Operação da Polícia Civil cumpriu 11 mandados de busca no Vale do Ribeira, Baixada Santista e Curitiba, nesta segunda-feira (25)

Uma operação da Polícia Civil bloqueou cerca de R$11,5 milhões em contas ligadas a um grupo suspeito de aplicar fraudes financeiras, ocultar patrimônio e lavar dinheiro, na segunda-feira (25). Segundo a corporação, a ação foi coordenada pela Delegacia Seccional de Registro e cumpriu 11 mandados de busca em endereços no Vale do Ribeira, Baixada Santista e Curitiba, no Paraná.
Um homem de 41 anos, apontado pela polícia como principal alvo da investigação, foi preso em um imóvel rural às margens da rodovia SP-226, no bairro Braço Grande, em Pariquera-Açu. De acordo com a Polícia Civil, ele foi detido sem resistência e encaminhado à cadeia pública.

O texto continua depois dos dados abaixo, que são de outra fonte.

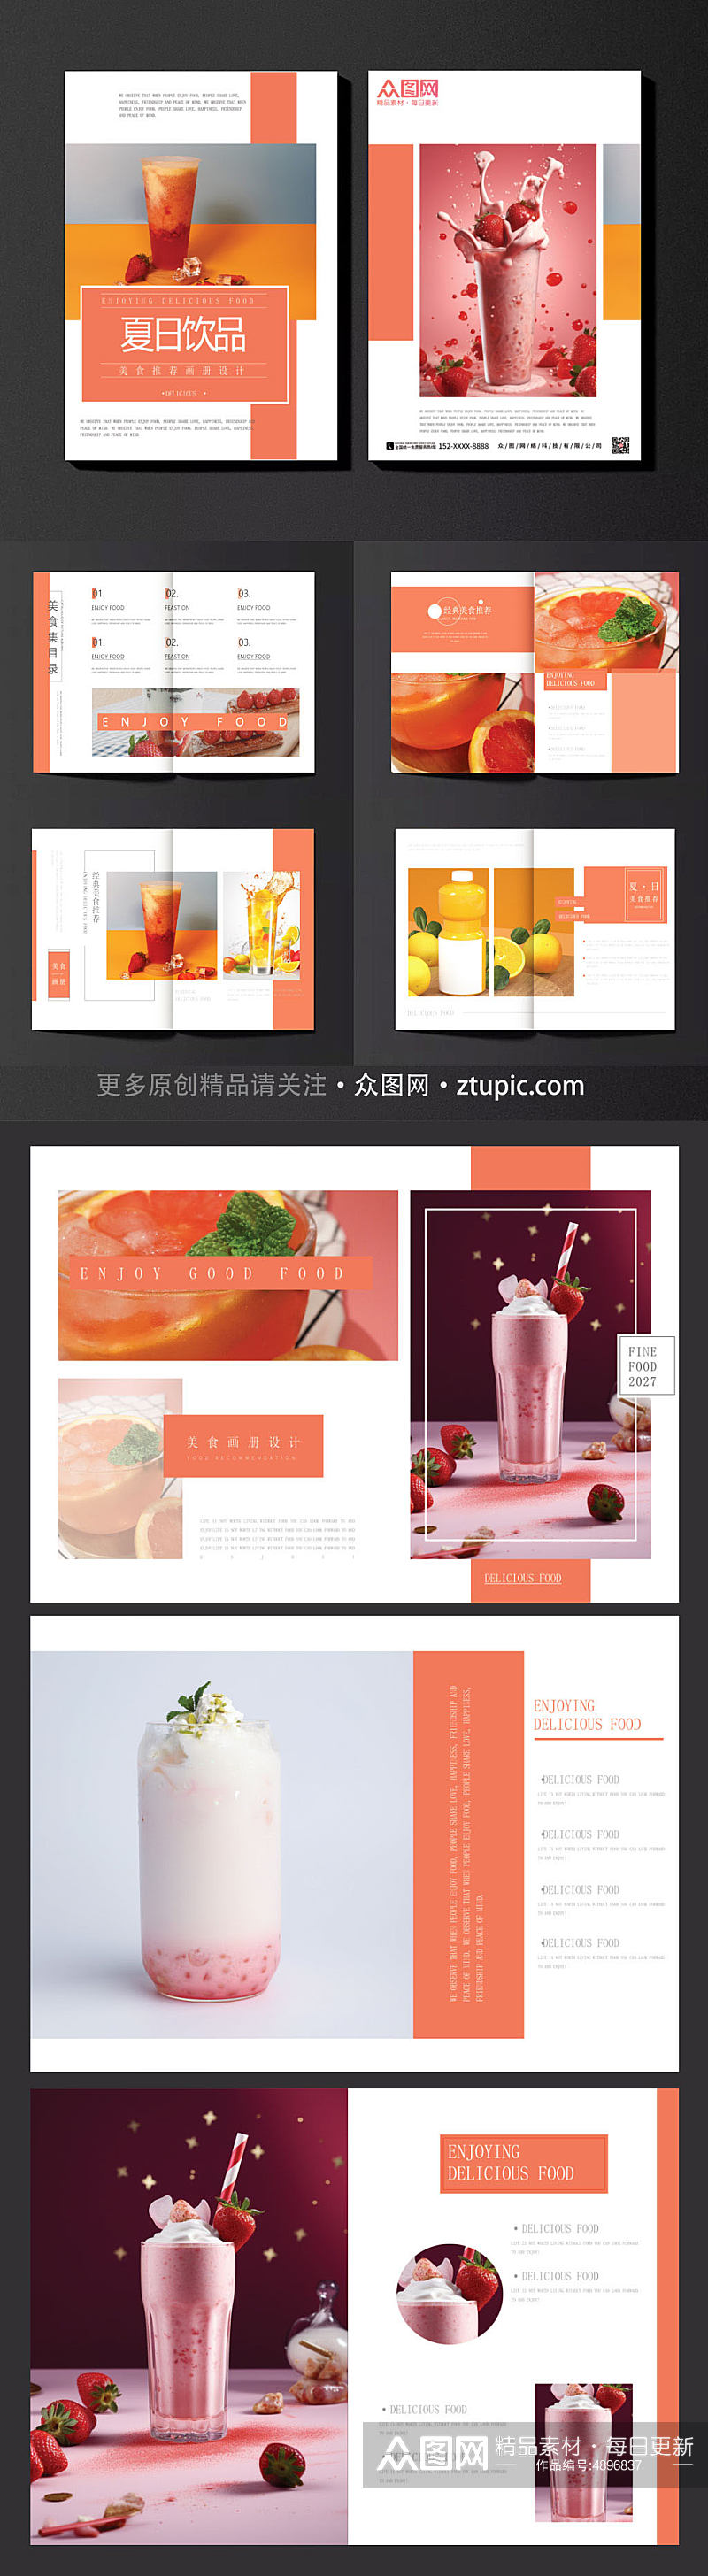 夏日饮品奶茶店饮料饮品果汁产品宣传画册素材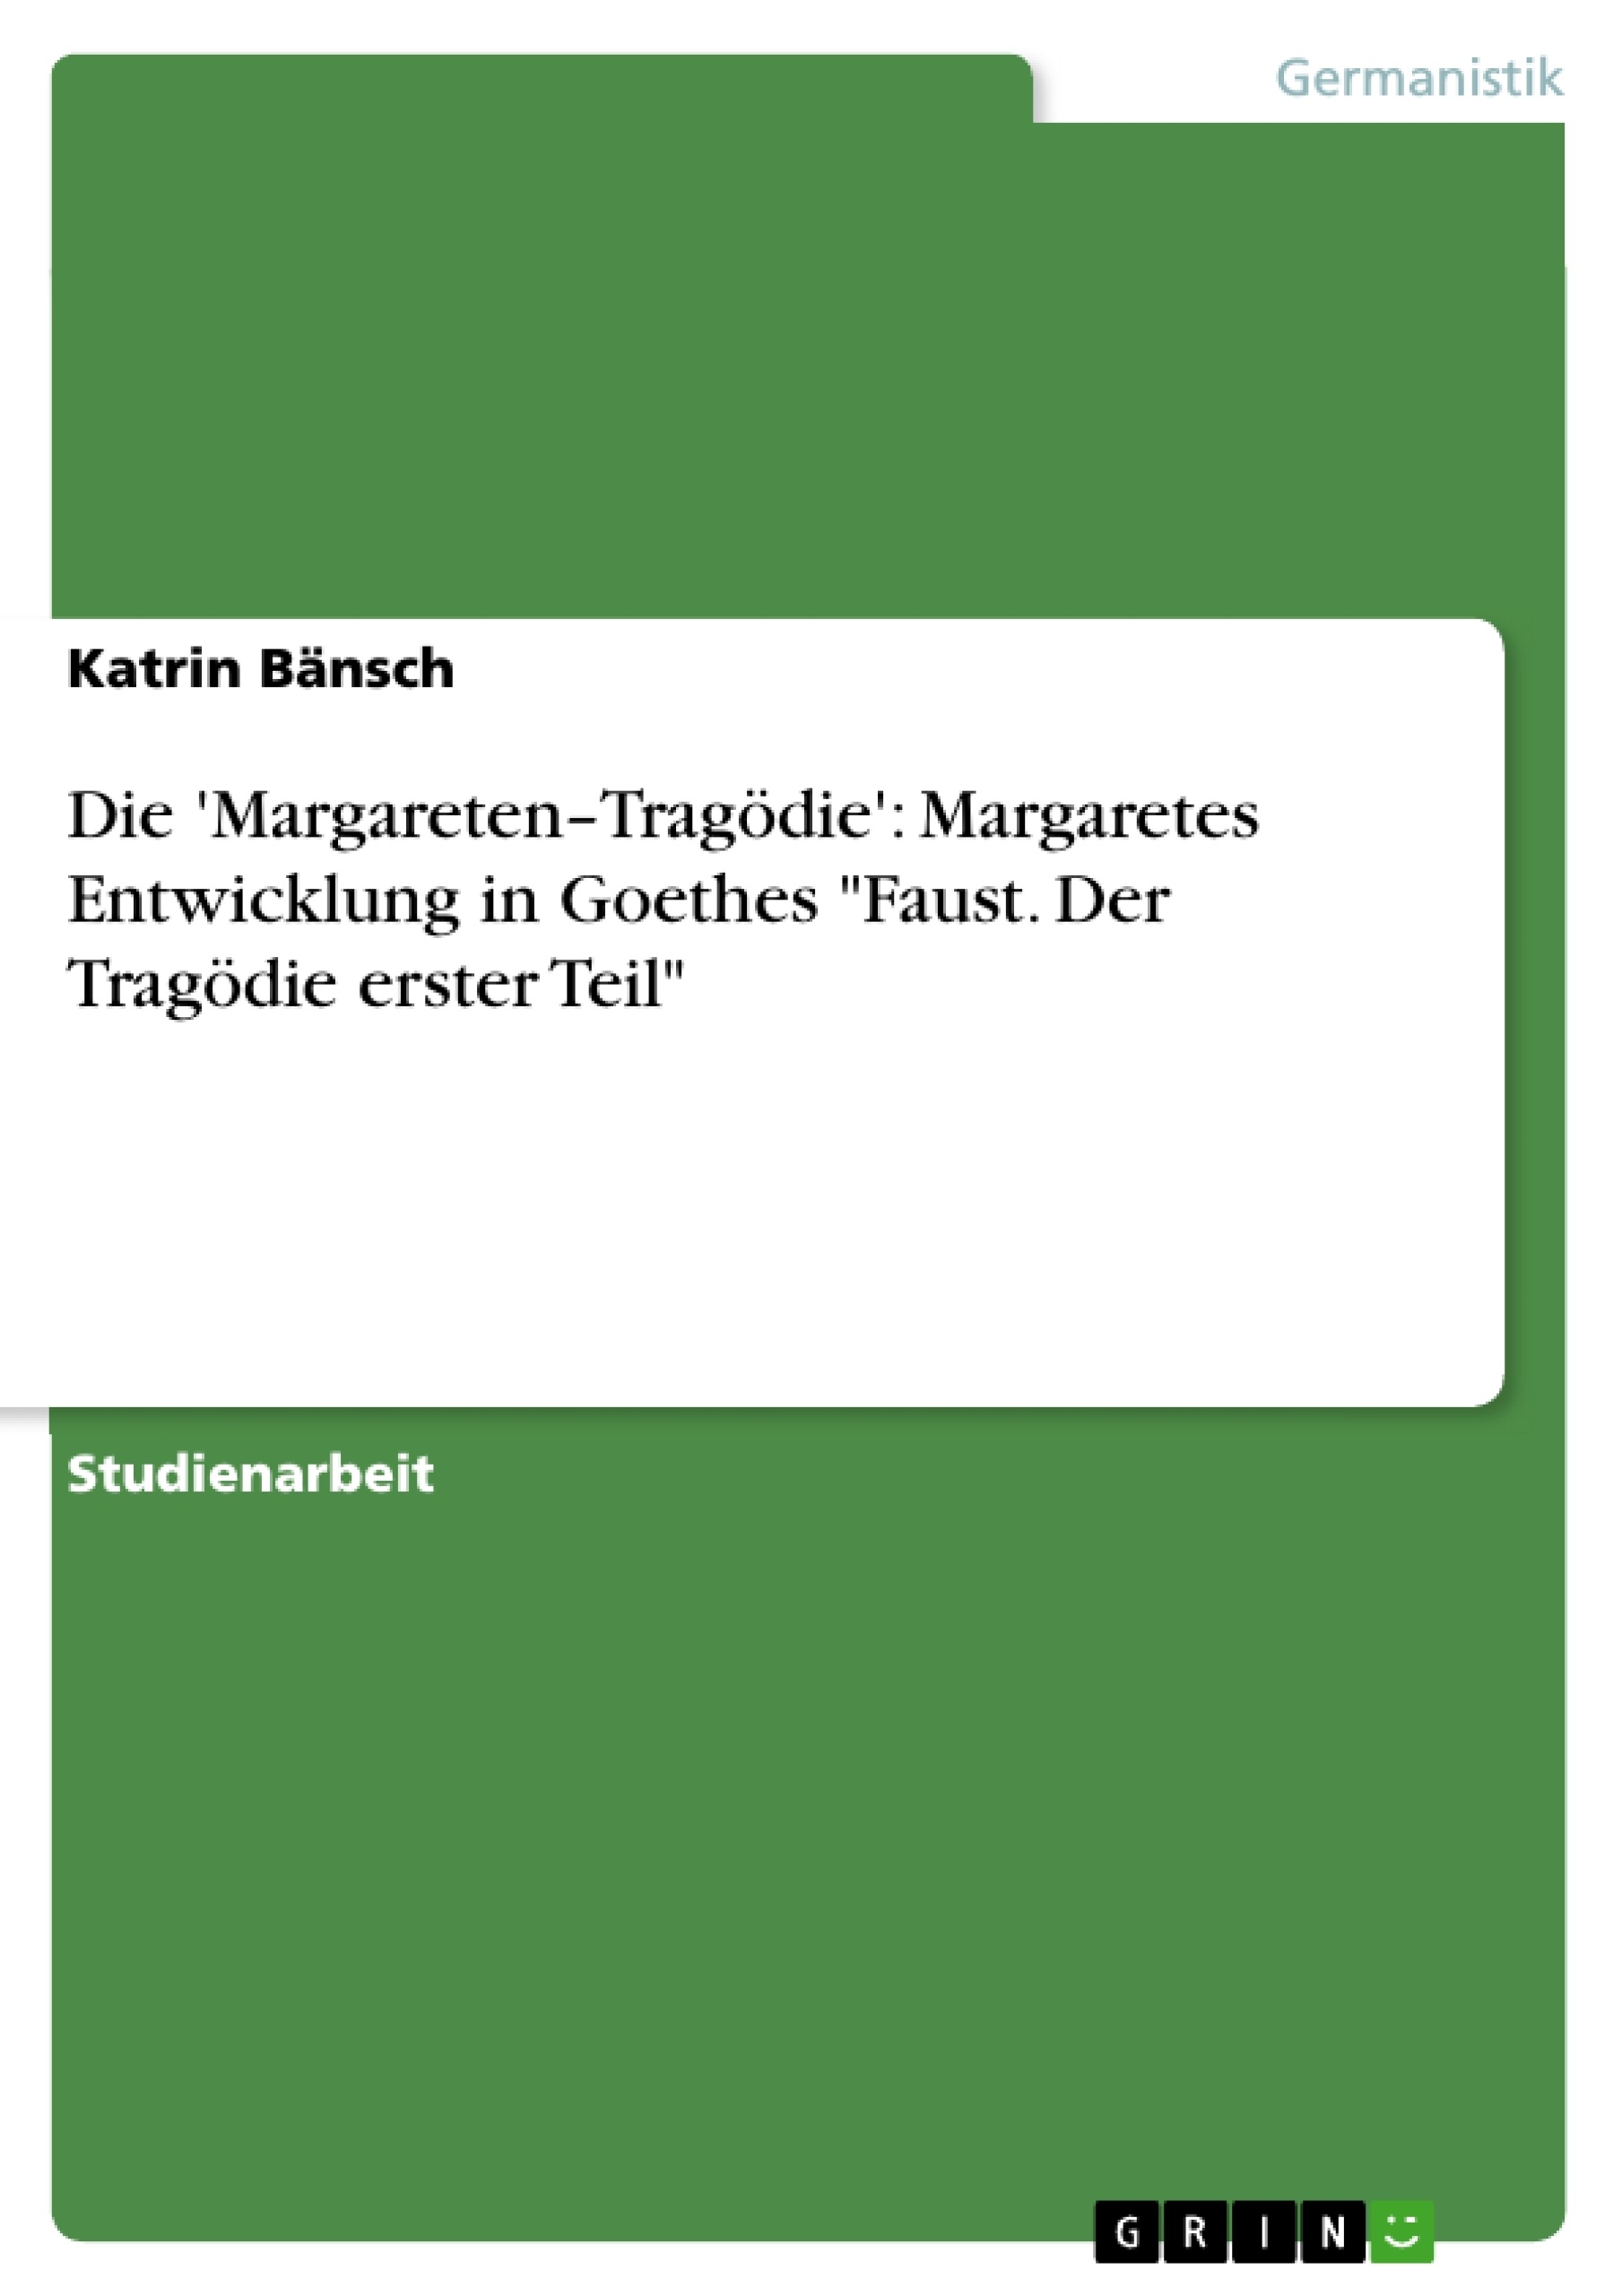 Title: Die 'Margareten–Tragödie': Margaretes Entwicklung in Goethes "Faust. Der Tragödie erster Teil"

A operação foi conduzida pelo grupo Cerco, Central Especializada de Repressão a Crimes e Ocorrências Diversas, da Delegacia Seccional de Registro. Ao todo, 22 policiais civis e nove viaturas participaram da ofensiva.
A investigação ainda aponta que o grupo usava documentos falsificados e golpes financeiros para obter valores que, depois, eram ocultados por meio de movimentações patrimoniais complexas. Segundo a polícia, o objetivo era mascarar a origem do dinheiro e dificultar o rastreamento dos recursos.
Durante as buscas no imóvel em Pariquera-Açu, os policiais apreenderam celulares, documentos, joias e registros financeiros. Para a corporação, os materiais reforçam a suspeita de movimentação patrimonial incompatível com a atividade declarada.
As diligências também alcançaram endereços ligados ao grupo em Praia Grande, na Baixada Santista, além de imóveis em Cananeia e São Vicente. Segundo a Polícia Civil, esses locais podem indicar circulação estruturada de recursos entre diferentes investigados.
Em Curitiba, um endereço ligado ao grupo também foi vistoriado, mas a polícia constatou que o investigado já não morava no local. A corporação avalia que a mudança pode indicar tentativa de dificultar o rastreamento.
Além do bloqueio milionário, a operação atingiu veículos e imóveis vinculados aos investigados. A Polícia Civil também apura possíveis ativos digitais, com medidas voltadas à identificação e eventual bloqueio de criptoativos.
Segundo a autoridade, a investigação continua para identificar outros envolvidos e aprofundar o rastreamento dos valores movimentados.